I've had the jackdaws making a similar racket to postman pat (and as it turns out, some little blighter in the attic that I am currently trying to catch!) and the birds tend to make more of a racket. It might be worth just confirming first that there is something rattling about inside the roof. Good quality dark chocolate seems to bring them out, leave a small piece in the attic or behind the kickboard on the presses and see does it get consumed - if it does then you know there is something there and you also know where to place a trap for it. If you can manage it, dust the area around the chocolate with flour, that way you will get an idea of the size of the problem too. Then you will know what you need to do to tackle it. I'm not a fan of poison, especially if the carcass is going to be irretrievable (and by they sounds of things it will be), better to know you've disposed of it rather than have it mouldering in your walls!


----------



## michaelm (7 Mar 2017)

Mousehelp said:


> Really panicking now.


It's most likely just a few mice.  I've had/heard mice getting around the walls and ceiling/floor, upstairs and down, and I've always caught them within a few days with a couple of sprung wooden traps baited with chocolate (cut up Twix or Snickers) placed behind the kickboards in the kitchen.  I wouldn't use poison.


----------



## Kenbo (7 Mar 2017)

Difference between rats and mice is like night and day....rats are very noisy and cause damage mice are less noisy and cause only light damage.Bait traps,use glue boards and you will see what you are dealing with after this you can plan what to do....HSE service is free.Kenbi


----------



## roncondon (12 Mar 2017)

Well Mousehelp mice or something else?


----------



## extramild (12 Mar 2017)

A word of advice - I don't like using bait for two reasons - use traps

- If the mice/rat eats the bait and then dies in your wall you could be left with decaying mouse in your cavity walls.  Better to trap them and then throw away the body IMHO
- You don't know what will eat the bait (passing cat, dog, etc) You may end up killing something you don't intent.

Stick to traps, peanut butter works well or bacon grease.
Top tip - try smearing the trap in bacon grease or something similar to hide your smell on the trap (this works for rats also)


----------



## Mousehelp (13 Mar 2017)

Many thanks everyone for your advise. I have had success! Puts traps with peanut butter in every room. Also in the attic (melted Nutella on these ones) on a posters recommendation even though it was the only place I didn't hear them! Caught 1 mouse after 24 hours and not a sound since. Delighted. The pest control guy came out again and he found my deceased mouse.
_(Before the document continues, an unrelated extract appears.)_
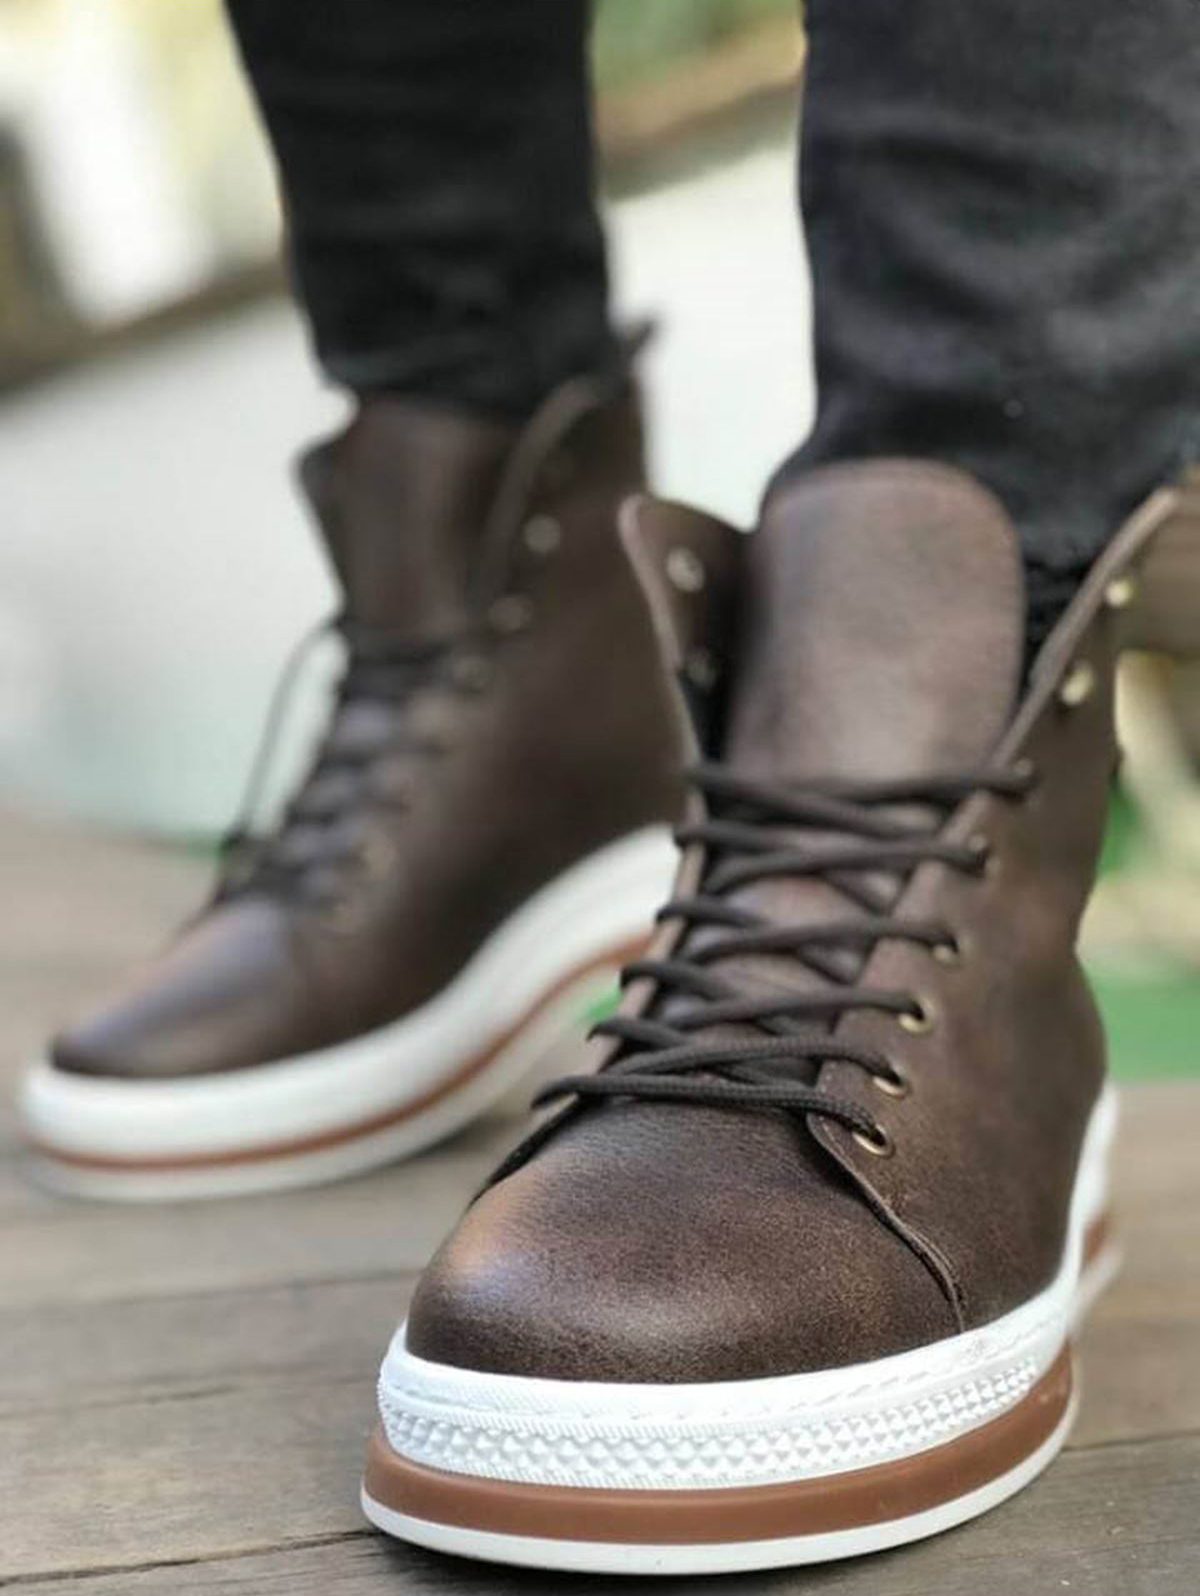 Chekich Brand Tan Color Artificial Leather Men Boots Winter Snow Lace Up Boots Leather Brown Sneakers Super Warm Outdoor Male Lightweight Breathable Odorless Short Safety Footwear Hiking Sport Comfortable Sewing CH055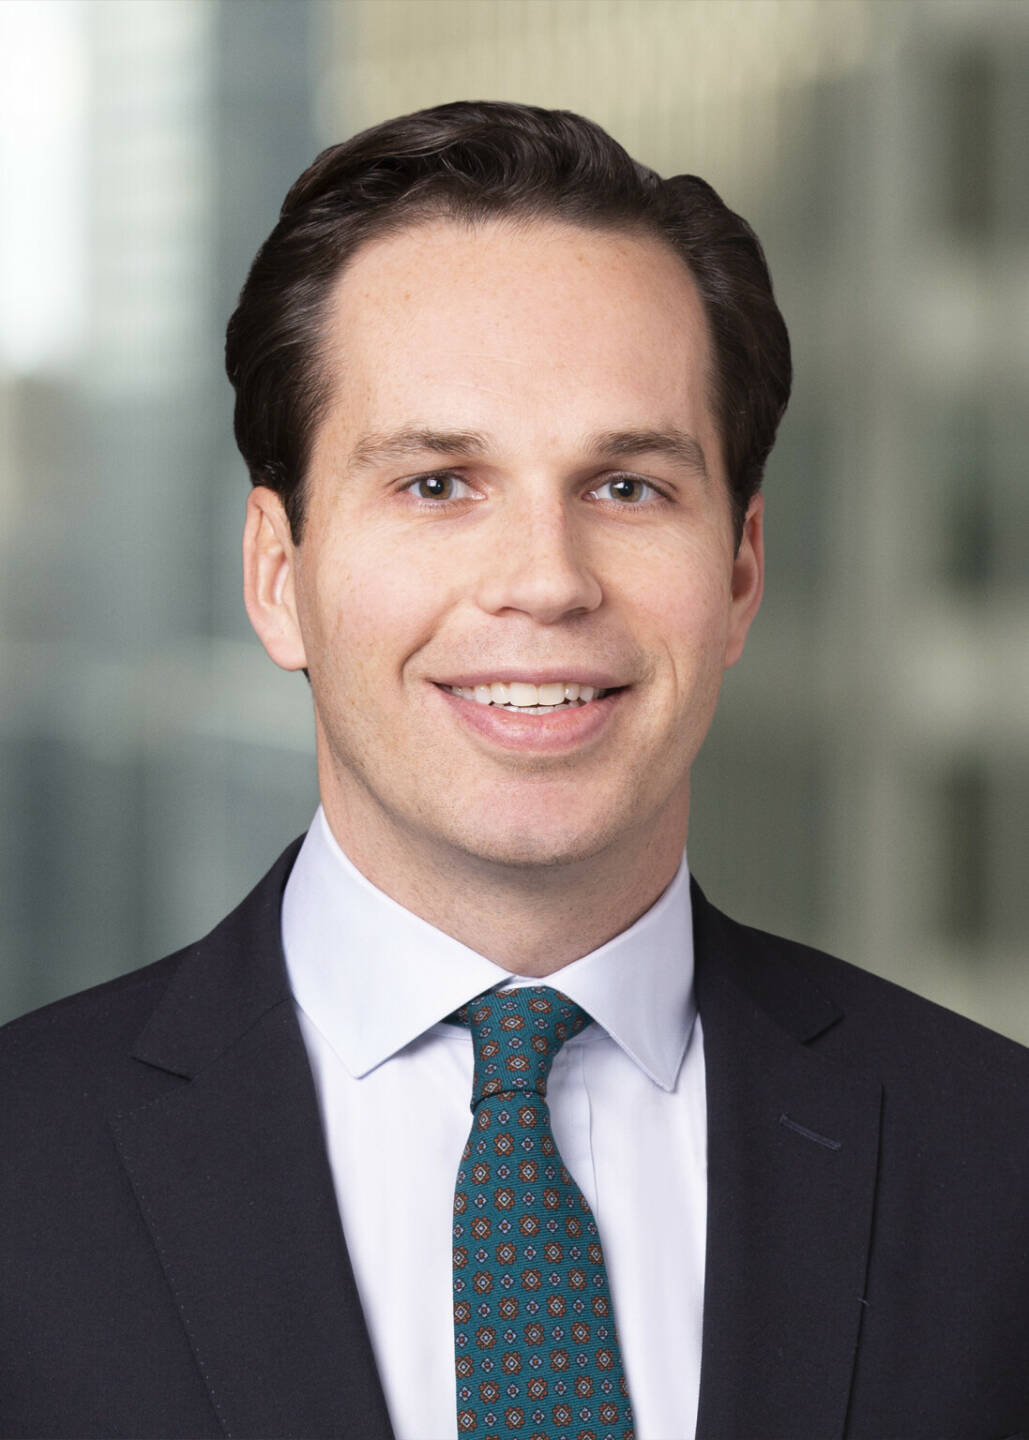 John Donnelly, Global Small- and Mid-Cap Equity Portfolio Manager, Jennison Associates

After all his laying of poison etc, delighted it was caught in a trap as at least he is gone now and no smells to cont no with.
All possible access sites have been sealed up. 
I know you seldom have 1 mouse, but nothing else in traps yet. It was a male mouse caught - imagine they actually look! 
Lovely to be able to sit down, relax and enjoy myself in th house again. Thanks to everyone for their help.


----------



## so-crates (13 Mar 2017)

Great news mousehelp and glad it was just a mouse (as a rule if you find mice you won't find rats!). Just make sure you do a very thorough clean down of your kitchen and any food prep areas you have. You'll need to empty out all cupboards and remove anything from all surfaces before cleaning and disinfecting. The little blighters are not particular about where they defecate!


----------



## Mousehelp (13 Mar 2017)

Thanks So-crates. Have cleaned out all presses and disinfected them all. No sign of any mouse evidence or others them. Only access to presses is from the holes where plugs go through from back of a couple of the presses - near fridge and cooker. Put everything in plastic container (thanks Dealz and Mr Price) the peace is just wonderful. Still nothing in the traps so maybe just the one, noisy mouse.


----------